The effect of Ag₃PW₁₂O₄₀ and FLC against C. albicans HL 963 in different concentrations was further proved by the MTS ((3-(4,5-dimethylthiazol-2-yl)-5-(3-carboxymethoxyphenyl)-2- (4-sulfophenyl)-2H-tetrazolium)) method. As shown in Figure 2, after treatment by Ag₃PW₁₂O₄₀, the viability of C. albicans HL 963 cells have a significant reduction than in the negative control group (p < 0.05). The inhibition ratio of C. albicans HL 963 treated by Ag₃PW₁₂O₄₀ at 48 h reached the peak values 83.21 ± 0.94%, 88.4 7± 0.51%, 93.01 ± 0.42%, and 95.32 ± 0.11% with the concentrations of 64, 128, 256, and 512 μg/mL, respectively. The inhibitory rates of the same dose of FLC against C. albicans HL 963 were 55.74 ± 0.38%, 65.13 ± 6.69%, 82.34 ± 3.47%, and 88.54 ± 2.28%, respectively, proving that the in vitro antifungal activity of Ag₃PW₁₂O₄₀ was better than that of FLC on C. albicans HL 963.

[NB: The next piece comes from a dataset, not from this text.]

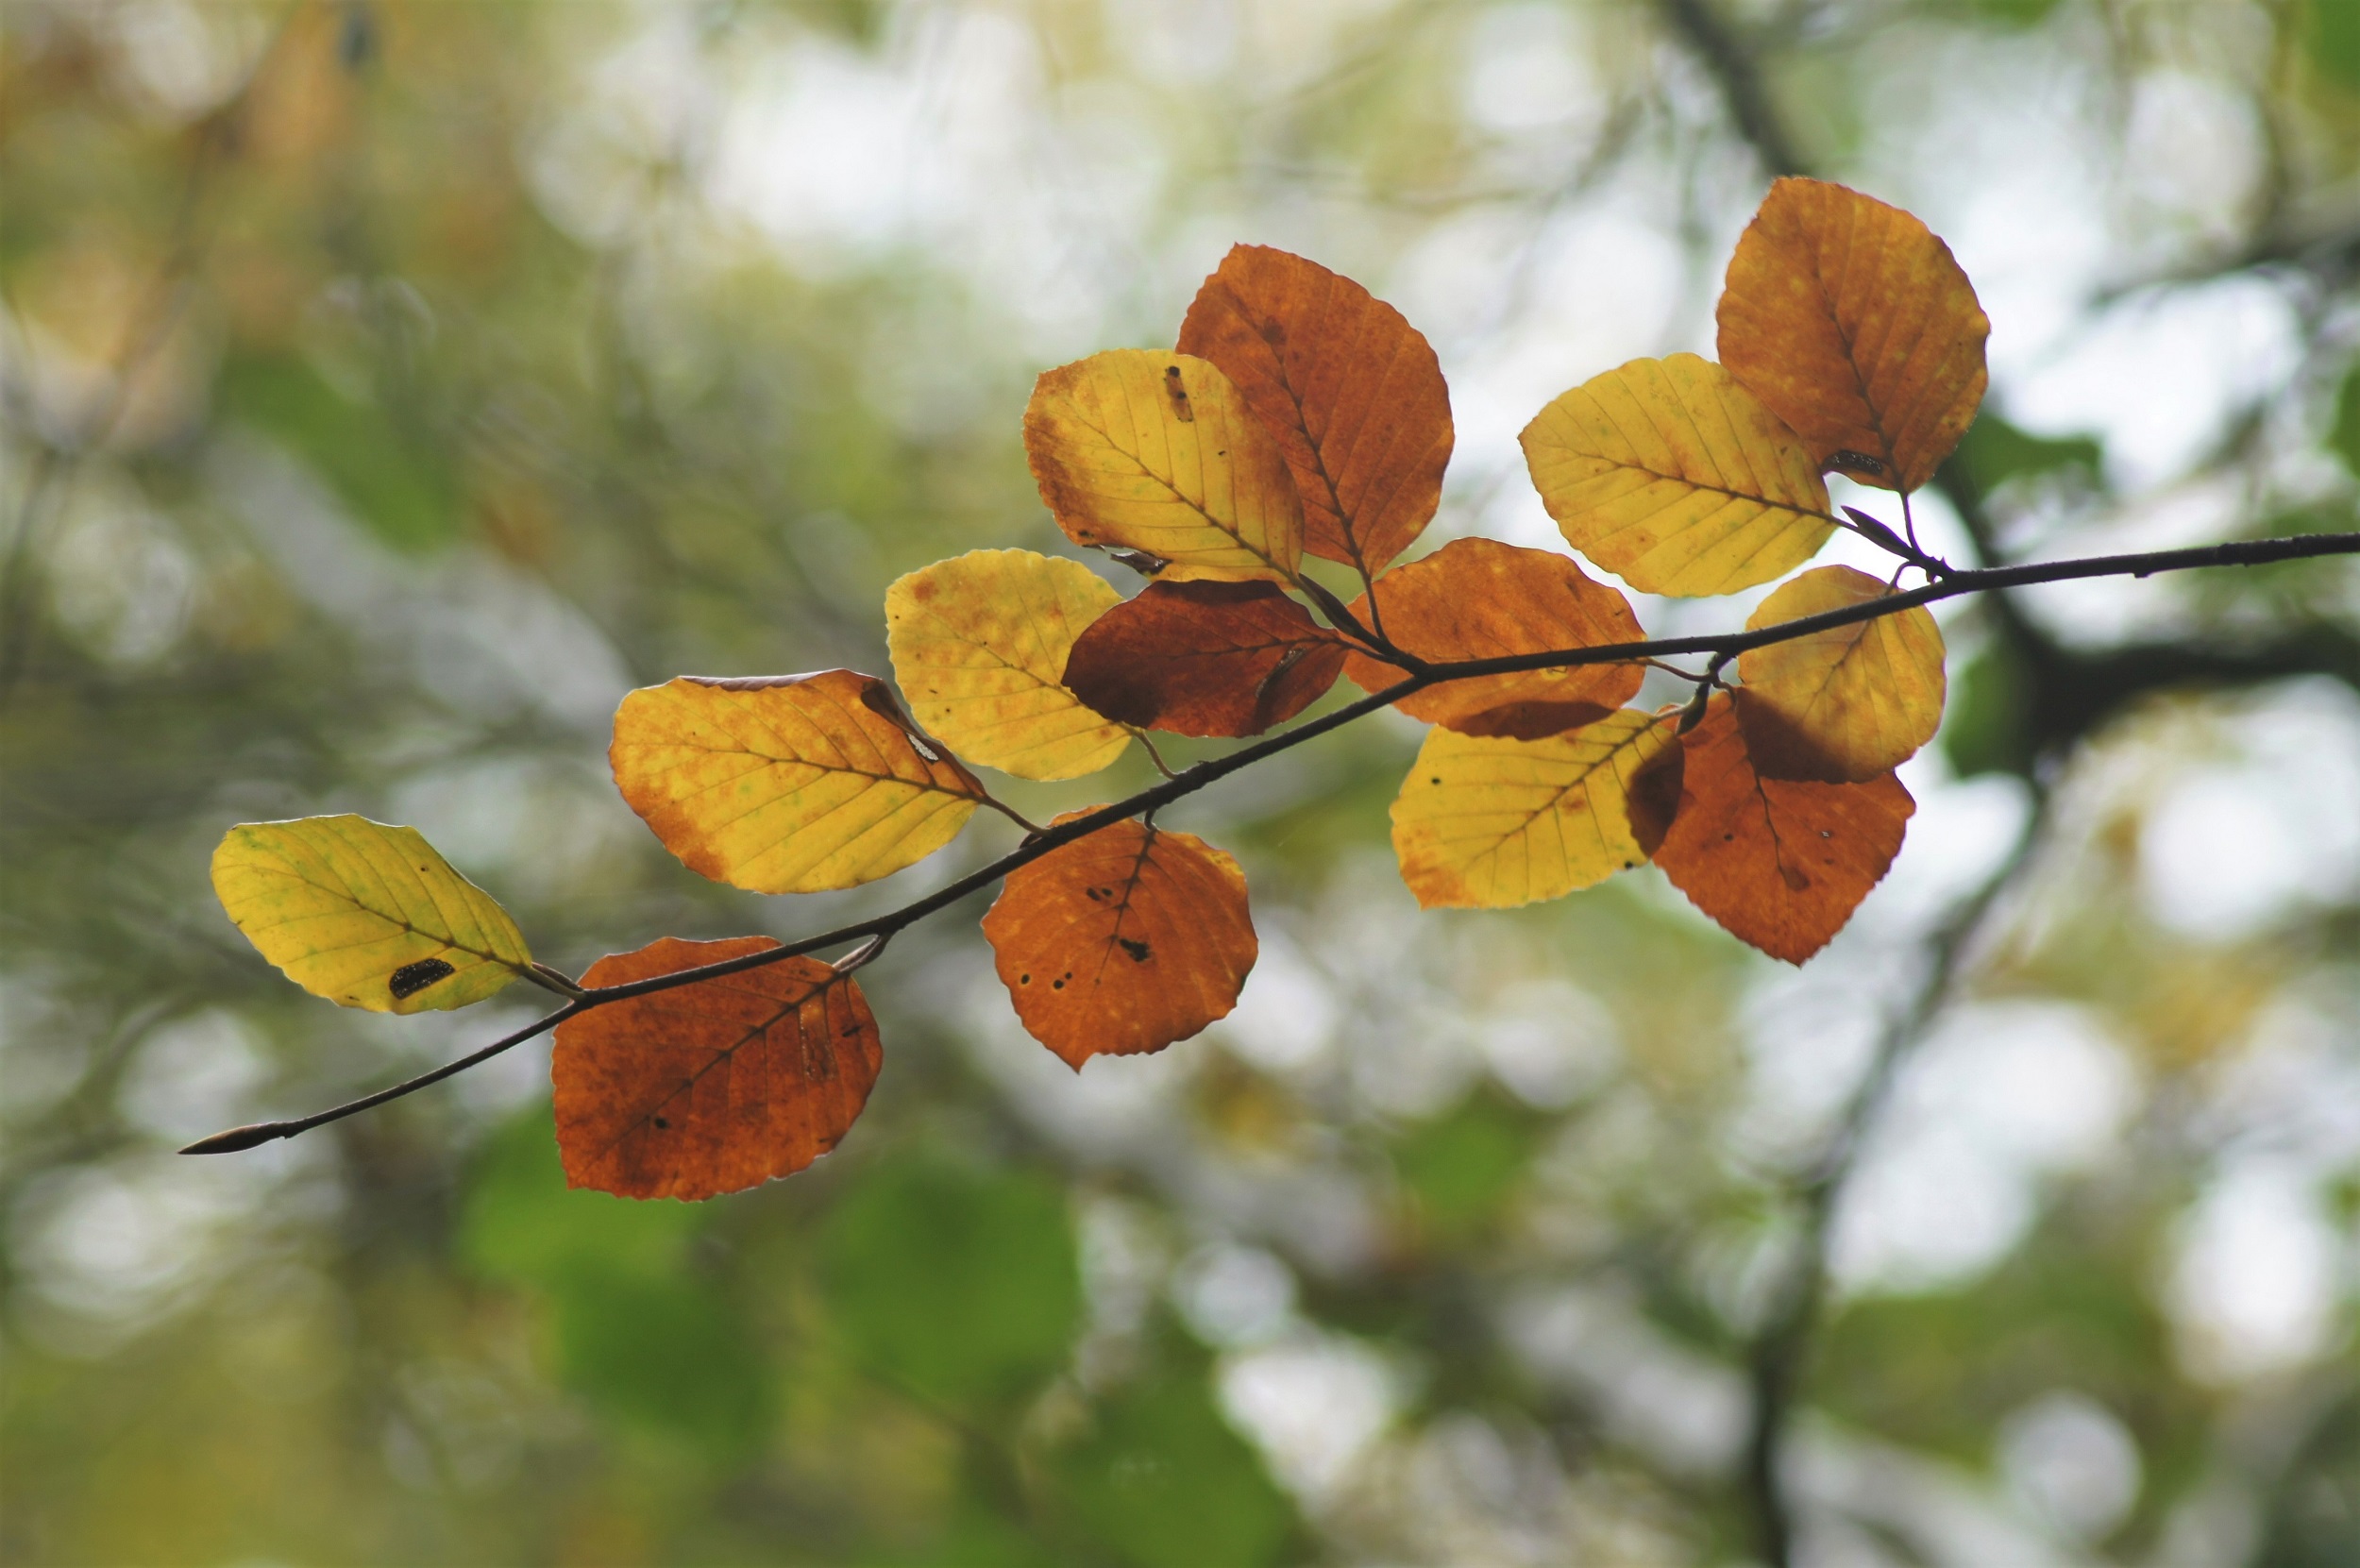 "Golden Leaves" by Barbara Potts

2.4. Growth Inhibition Curves

The growth inhibition effect on the C. albicans HL 963 with various concentrations of the Ag₃PW₁₂O₄₀, negative control (culture medium without durgs), and FLC at different times is shown in Figure 3. The number of fungi began to proliferate rapidly from the 10th h in the control group; in contrast, the fungi treated with Ag₃PW₁₂O₄₀ and FLC was significantly delayed and began to grow 24 h later. After treatment for 24 h, the inhibit delay curve quickly increased up in FLC groups, especially in the low-dose group (8 μg/mL). Meanwhile, the growth of fungi treated with the same dose of Ag₃PW₁₂O₄₀ was significantly inhibited, and no reduction of inhibition was observed with the extension of time. All three concentrations of Ag₃PW₁₂O₄₀ could inhibit the proliferation of C. albicans HL 963.

2.5. LIVE/DEAD Assays

The cells were stained by acridine orange (AO) and ethidium bromide (EB) double-fluorescent staining. AO can penetrate the intact cell membrane, embed the nuclear DNA, and make it emit bright green fluorescence. However, EB can only penetrate the damaged cell membrane, embed nuclear DNA, and fluoresce orange-red. After culturing 24 h, the fungus was treated with 64 μg/mL Ag₃PW₁₂O₄₀ and FLC for 24 h. AO and EB were used to double stain C. albicans, and the cell morphology was observed under a fluorescence microscope. The results are shown in Figure 4; after incubation for 24 h, the fungal grew well in the RPMI 1640 group, while cell death (dead cells were stained red) occurred in the Ag₃PW₁₂O₄₀ and FLC groups. The massive dead cells were found in the Ag₃PW₁₂O₄₀ group, meaning that Ag₃PW₁₂O₄₀ is more effective at killing fungi. The result is consistent with the result of the MTS method. In the bright-field images, we observed that C. albicans HL 963 formed a very dense cell layer and grew well in the untreated group. Meanwhile, in Ag₃PW₁₂O₄₀ and FLC groups at the same dose, the FLC group still had a dense cell layer and compact arrangement. However, in the Ag₃PW₁₂O₄₀ group, the number of cells was significantly reduced, and the cells became dispersed. The results showed that Ag₃PW₁₂O₄₀ has better antifungal properties than FLC.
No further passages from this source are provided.